The second tier women's professional tour in the United States is the Epson Tour (formerly the Futures and then the Symetra). Although there is little opportunity for women's developmental play on the professional level in the United States besides the Epson Tour, women are welcome to compete against men on some mini-tours. At a lower level is the Cactus Tour, founded in 2005, which plays in the American Southwest. It expanded to hold 38 events in 2020, while the LPGA and Epson suspended play from April to August.

Sweden, which is the European country where women's golf is most popular, had its own Swedish Golf Tour, established in 1986, since 2021 transformed to the Nordic Golf Tour, operated in cooperation by the golf federations in Denmark and Norway and Sweden.

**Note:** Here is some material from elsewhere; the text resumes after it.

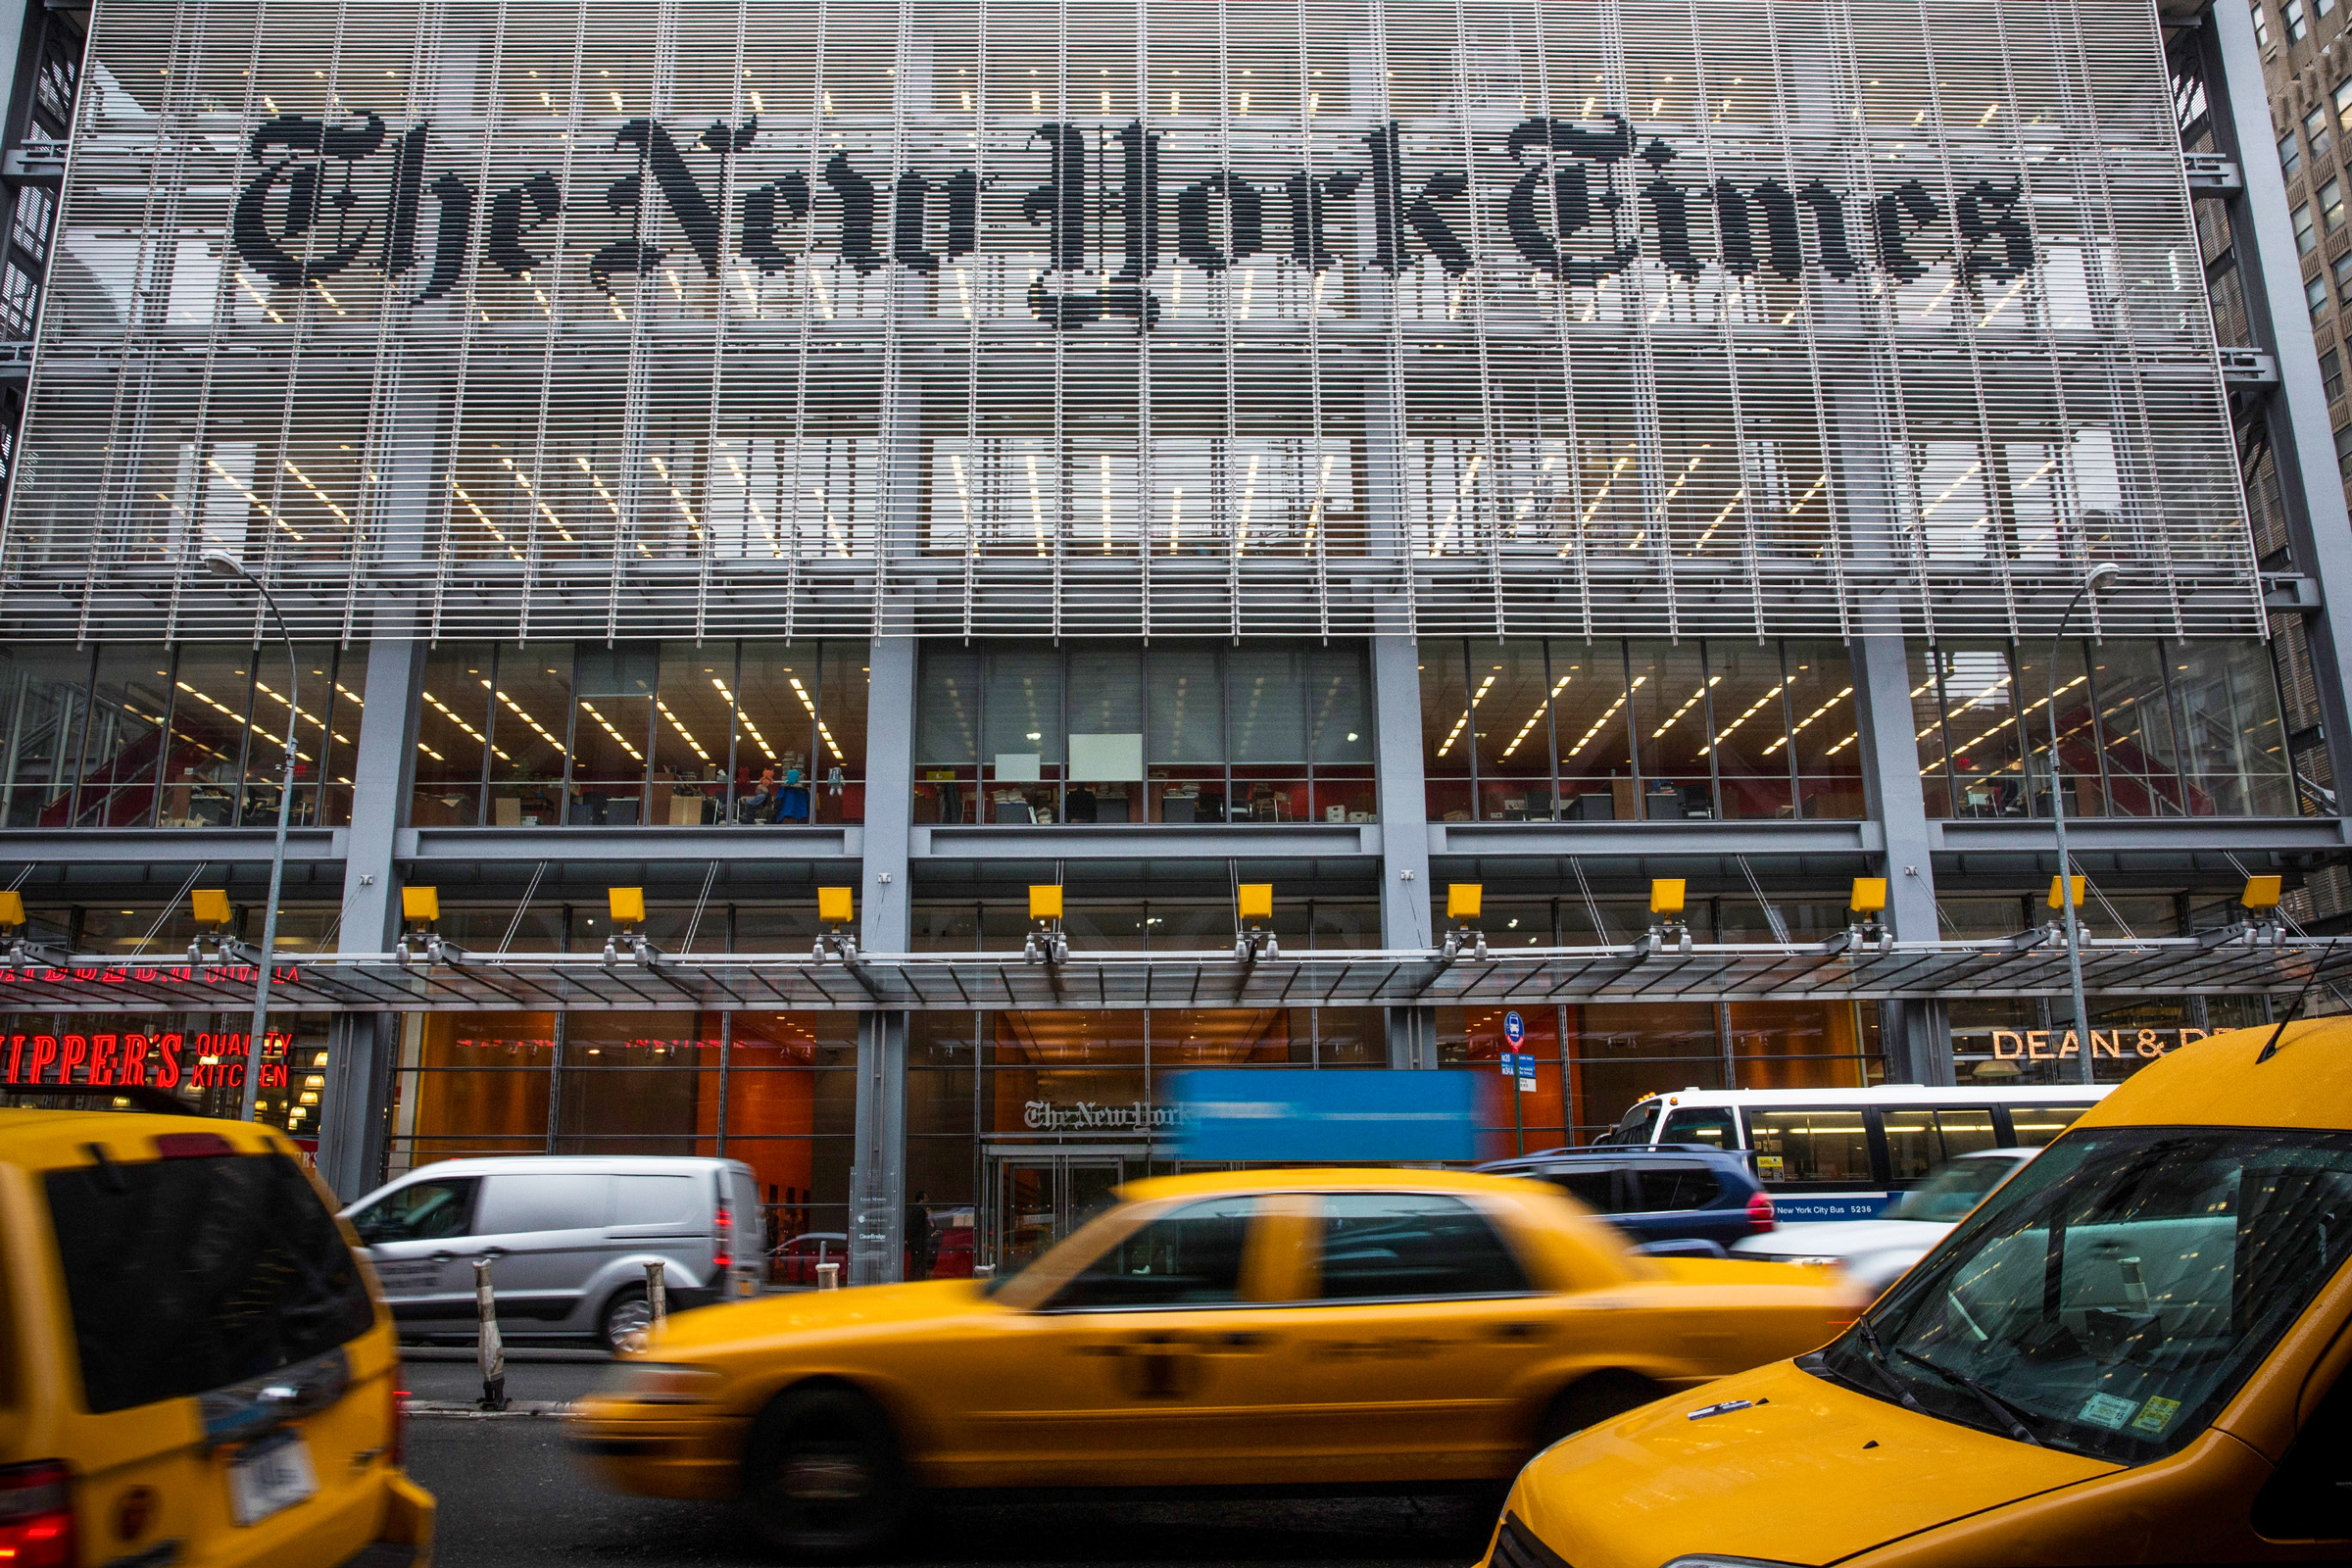 Trong một bài báo được xuất bản lần đầu vào cuối tháng 10/2020, The New York Times mô tả The Epoch Times là “một trong những nhà xuất bản kỹ thuật số quyền lực nhất đất nước.” (Ảnh: Andrew Burton/Getty Images)

The LET Access Series, launched in 2010, is the developmental tour of Ladies European Tour. The LPGA of Japan operates the Step Up Tour as a feeder for its main tour, and the LPGA of Korea operates two mini-tours (Dream Tour and Jump Tour) that effectively serve as feeders for its main tour.

===Women's senior tours===
In 2001, the U.S.-based Women's Senior Golf Tour was founded, featuring golfers 45 and over. In 2006, it was rebranded as the Legends Tour and in 2021 The Legends of the LPGA. The LPGA of Korea now operates the Akia Tour, a four-event mini-tour for the same age group.